Brake fluid can come in a number of forms, standardized under the DOT (Department of Transportation) standard. DOT 2 is essentially castor oil; DOT 3, DOT 4, and DOT 5.1 are composed of various glycol-esters and ethers; and DOT 5 is silicon-based. Most cars produced in the US use DOT 3.

Glycol based fluids are 2 times less compressible than silicon type fluids, even when heated. Less compressibility of brake fluid will increase pedal feel. Glycols are hygroscopic and will absorb water from the atmosphere, reducing the boiling point of the fluid and degrading hydraulic efficiency. Changing fluid on a regular basis will greatly increase the performance of the brake system, but this is often not a concern in passenger cars. On the other hand, changing fluid at least every several years will preserve the life of brake system components (by removing accumulated water and other contaminants) and increase the overall reliability of the brake system. ¹ Brake fluid has many characters with dry and wet boiling points being the most popular to use when compared to other fluids. Department of Transportation (DOT) standards (for brake fluid) are from the Federal Motor Vehicle Safety Standards 116 (FMVSS116). When a brake fluid is “compliant” with DOT this means the fluid meets the specifications as stated by DOT. Another specification is the Society of Automotive Engineers (SAE). DOT 3, DOT 4 and DOT 5 brake fluids are said to be “compliant” with SAE J-17-3. J-1704 and J-1705 respectively. Any over-the-counter (OTC) brake fluid will have a statement on its label that says it meets or exceeds DOT 4 specifications. In other words the DOT “certification” allow consumers to compare the different fluids more evenly. We recommended that you use only DOT certified brake fluid. ²

All glycol based brake fluids are virtually incompressible and work well, as they are intended. However, problems begin to occur when brake fluid becomes overheated. Once the brake fluid begins to boil tinny gas bubbles are created. The problem… gas is compressible. Any time your brake fluid begins to bubble you will encounter a “spongy” pedal which leads to brake fade and eventually brake failure. It is highly unlikely that you will boil the brake fluid in your commuter car in and around town but that depends on your driving conditions. To play it safe it is best to use a high dry boil point brake fluid. GS610™ brake fluid it designed to perform in extreme braking condition on and off the track. Before changing to GS610™ brake fluid, we recommend that you completely purge your system by flushing the system and refilling with GS610™.

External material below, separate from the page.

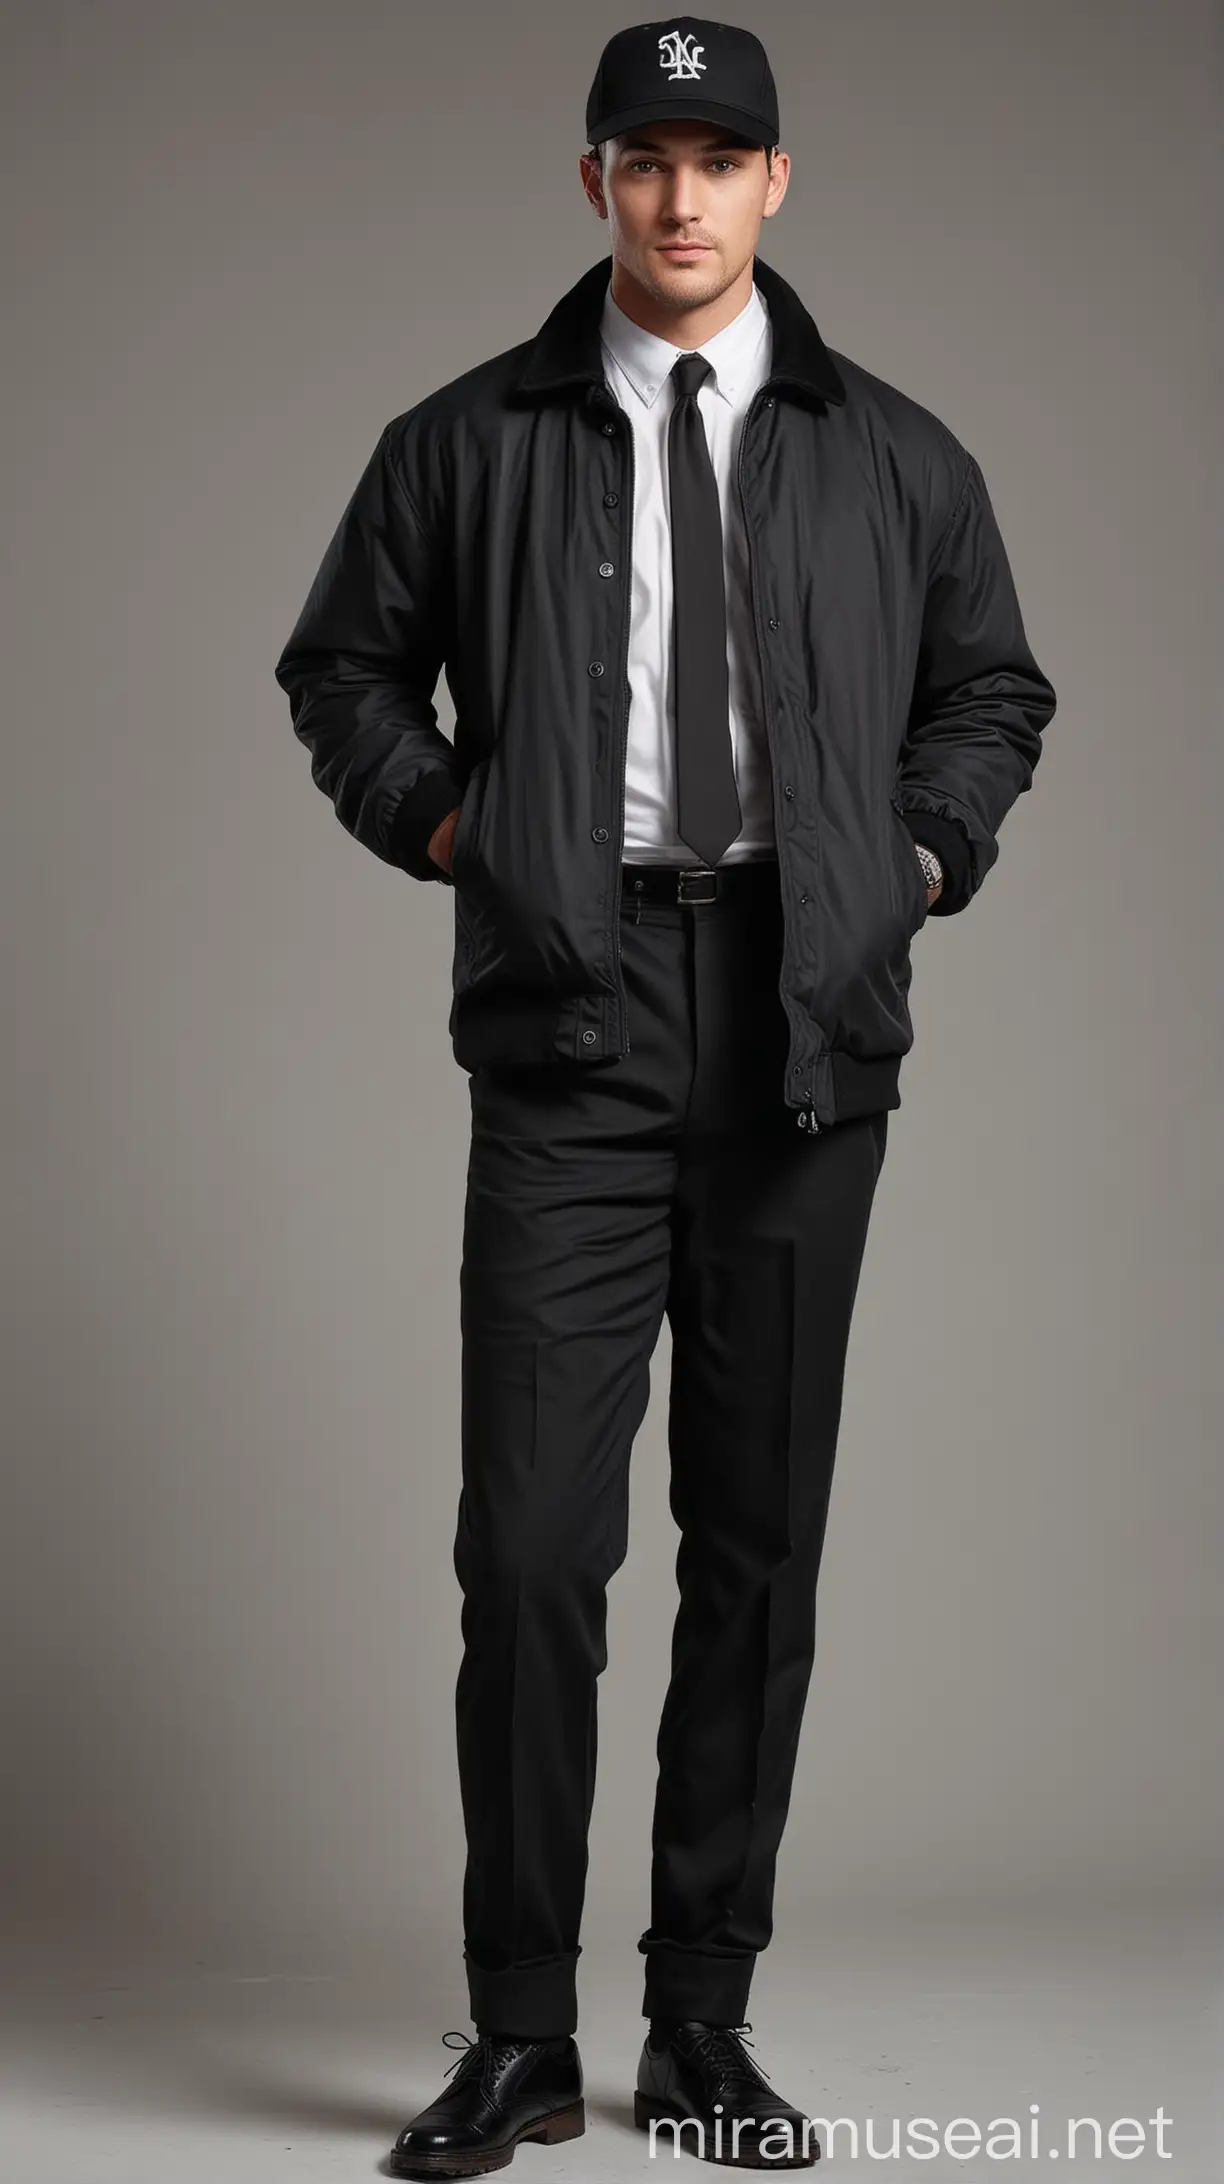 Official Man in Black Winter Attire on White Background

DOT 3 and DOT 4 brake fluids are very similar across the board with the exception of high temperature stability. Though a DOT 5 fluid has a superior boil point than standard DOT 3 and DOT 4 the compressibility factor of silicon brake fluid eliminates it good intention and is not recommended for extreme braking condition due to its compressibility.

All DOT 4 brake fluids have nearly identical chemistry; viscosity, compressibility and pH levels. But what separates the herd is higher temperature stability – Dry Boil Point (ERBP). Simply look at the GS610™ comparison chart against the several leading brands.

During extreme braking condition (hill driving, tow, constant stop-n-go traffic, high temperature claimants, recreational track events and professional racing) make sure your brake fluid has an extreme boil point. GS610™ has a maximum tested temperature of 626°F and is trusted by Andretti Green Racing, winners of the 2005 Indianapolis 500® with driver Dan Wheldon and 2005 Indy Racing League® Series Champions.

Dry Boiling Point - Equilibrium Reflux Boiling Point (ERBP). As tested by DOT - This is the temperature at which DOT compliant brake fluids begins to boil.

Wet Boiling Point - Wet Equilibrium Reflux Boiling Point (Wet ERBP). As tested by DOT - This is the temperature at which DOT compliant brake fluids begins to boil.

Viscosity - The higher the viscosity number the slower oil will flow. DOT 3 specifies viscosity testing at -40°C/-40°F at 1500 cSt with DOT 4 at -40°C/-40°F at 1800 cSt. Though DOT 3 brake fluid flows better than DOT 4 the boil points are not as high. Nevertheless, the likely hood of you experiencing -40°C/-40°F driving conditions is rare. A side note; GS610™ brake fluid flows at 1550 cSt. ³

Compressibility - Silicon based brake fluids are more compressible than conventional brake fluids and the difference is magnified at higher temperatures. 4 With only slight variations, DOT 4 brake fluids are virtually similar in compressibility at normal operating temperatures.

Air Solubility - It has been reported that dimethyl polysiloxane fluid, which is a major component of silicon based low water tolerant type brake fluids (SAE J1705), can typically contain dissolved air at a level of 16% ± 3% by volume at standard temperature and pressure. This compares with a typical level of 5% ± 2% by volume of dissolved air for glycol ether based SAE J1703 type fluids. An increase in brake pedal travel may be experienced under severe operating conditions, especially at higher altitudes and high temperature conditions.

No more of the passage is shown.